The tomato (Solanum lycopersicum) is one of the most widely grown vegetables in the world. Mexico has the tenth place in production and Sinaloa is the country’s main producing state, with approximately one third of all Mexican tomatoes, acknowledged internationally (^{SAGARPA, 2018}). Therefore, current production management has focused on its safe, environmental, long-term and efficient development. Due to their importance, many researchers have focused on learning more about the microorganisms present in the phloem of plants (^{Ortiz-Galeana et al., 2018}). In modern agriculture, growth-promoting bacteria have great potential. Nowadays, the growth of most vegetables requires the production of vigorous seedlings, an important factor for an adequate development of the fruit (^{Luna-Martínez et al., 2013}). Endophytism is the mutualistic association phenomenon between a plant and a microorganism living within its tissues without causing any disease symptoms, as well as being a biological resource that participates in several crucial functions related to growth, development, tolerance and adaptation to stress (^{Gundel et al., 2012}). However, depending on the availability of nutrients and the metabolic state of the host plant, the response of the long-term association of an endophyte may be mutualistic or antagonistic (^{Eaton et al., 2011}).

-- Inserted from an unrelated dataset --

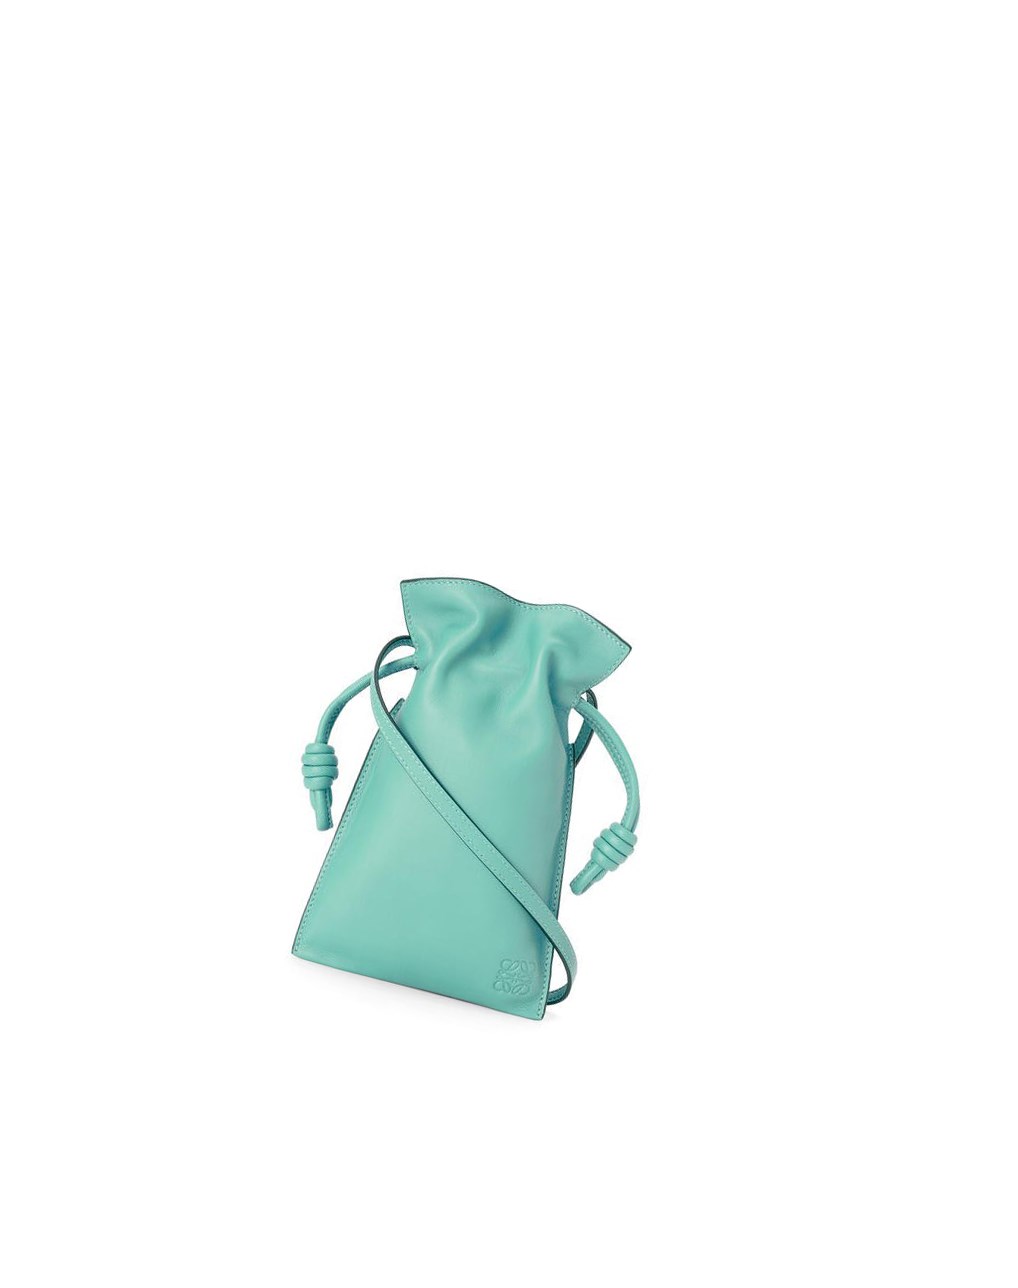 Loewe Flamenco Pocket in nappa calfskin Fresh Mint | CD4513296

This has led to the study of indirect mechanisms by competition for space and nutrients (consumption of leachates-exudates, production of siderophores, induction to the systemic response in plants with the production of phytohormones and molecular patterns) (^{Chowdhury et al., 2015}). Several investigations have proven that endophytic bacteria are capable of efficient forms of interaction with their hosts, such as growth promotion and the protection of plants against infections by phytopathogens. ^{Nawangsih et al. (2011}) isolated endophytic bacteria using asymptomatic tomato plant shoots with six strains, with an antagonistic effect on bacterial wilting (Ralstonia solanacearum) of the tomato, thus proposing an alternative control method to support sustainable agriculture of this vegetable. Currently, the interest in environmental protection, the implementation of sustainable agriculture, and different international regulations for the import/export of products without agrochemicals, demand an increase in efficiency by the study and exploitation of the beneficial effects that the endophytic microbiota can provide, and therefore, microorganisms that establish a positive interaction with plants are considered to play an important part in agricultural systems (^{Sánchez-Bautista et al., 2017}). Having stated this, the aim of this investigation was to identify the endophytic bacteria isolated from tomato plants and to characterize them based on the plant growth promoting properties.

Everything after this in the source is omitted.